Dans Les Pensées, œuvre incontournable de la littérature française du 17eme siècle, Blaise Pascal s'efforce de convaincre son interlocuteur de ce que pourrait lui apporter la religion. Il tente de rallier à sa cause les libertins et le peuple entier en s'adressant à lui grâce à la rigueur d'une analyse qui utilise exemples et cas de figure. Il apporte ainsi une dimension dialogique dans son œuvre, grâce à l'argumentation et sa détermination à expliquer les valeurs du christianisme. Nous allons observer dans les différents fragments sa définition de la condition de l'homme, et donner la solution de nos contradictions, la foi, puis nous étudierons ses comparaisons de l'homme avec Dieu et l'homme sans Dieu, dans une sorte publicité parjure du jansénisme. La dimension dialogique dans l'œuvre sera au service de son argumentation.

 

Qu’est-ce que l’homme? Pascal va tenter de nous rapprocher de Dieu en touchant la plus originel de nos distinction : notre nature humaine; nous sommes des « montres incompréhensibles «. C'est en nous  parlant de nous-même qu'il s'adresse à nous, c'est une caractéristique de la dimension dialogique.

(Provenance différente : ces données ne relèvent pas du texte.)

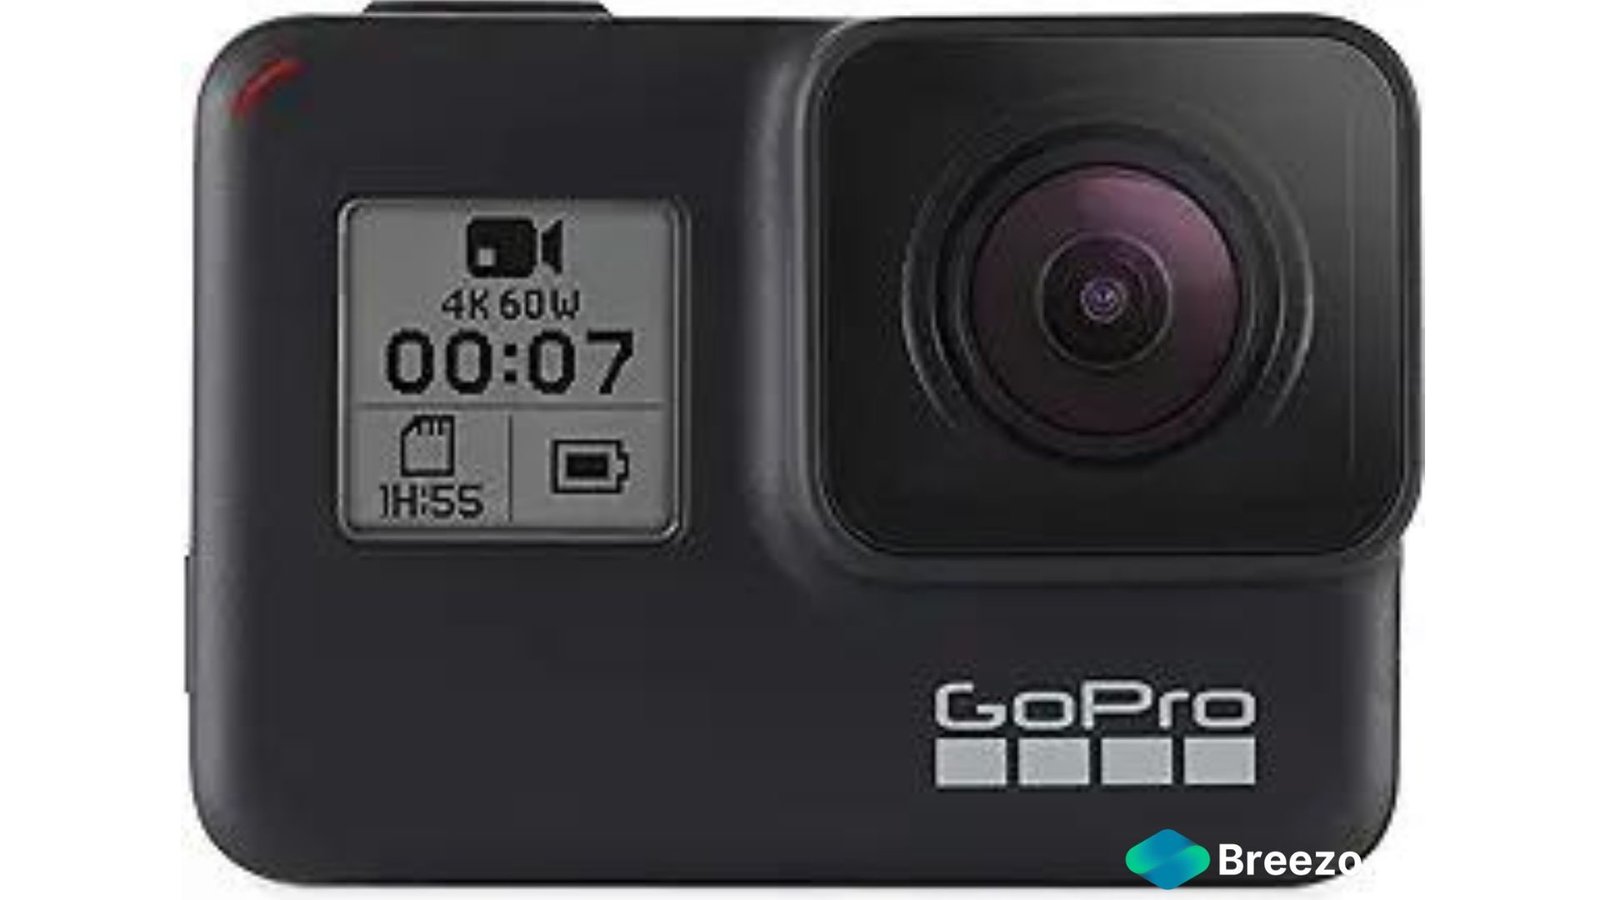 Rent GoPro Hero 7 Camera With All Accessories in Delhi NCR, Camera accessories, Camera lenses for rent, in Delhi Gurgaon Noida, hire Shooting equipment, Lighting equipment rental, Film gear rental for Video production, camera rental company in Delhi, film equipment rental company

L'homme est un paradoxe ambulant, Pascal nous le définit entre deux abîmes: l'infiniment grand et l’infiniment petit. L’homme apparaît ainsi comme «un milieu entre rien et tout«, perdu dans l’univers infini que nous dévoile la science. L’homme est de toutes parts dépassé par la puissance énorme de la nature. Mais l’homme pense. C’est là sa grandeur. «Par l’espace, l’univers me comprend et m’engloutit comme un point; par la pensée, je le comprends.« Si l’univers peut écraser l’homme, l’homme est plus noble que ce qui le tue, car il sait qu’il meurt, c'est la conscience qui est sa grandeur. L'homme est un corps, c'est un animal, mais l'homme est un esprit, et cela le rapproche du divin. « l'homme passe l'homme « dit-il dans la liasse des Contrariétés, et en effet, il y a l'homme dans sa misère, cet animal contradictoire, cloaque d'incertitude et d'erreur, et l'homme dans sa grandeur, la nostalgie de sa jadis puissance (avant le péché originel, il était un ange), et dans la conscience de sa misère.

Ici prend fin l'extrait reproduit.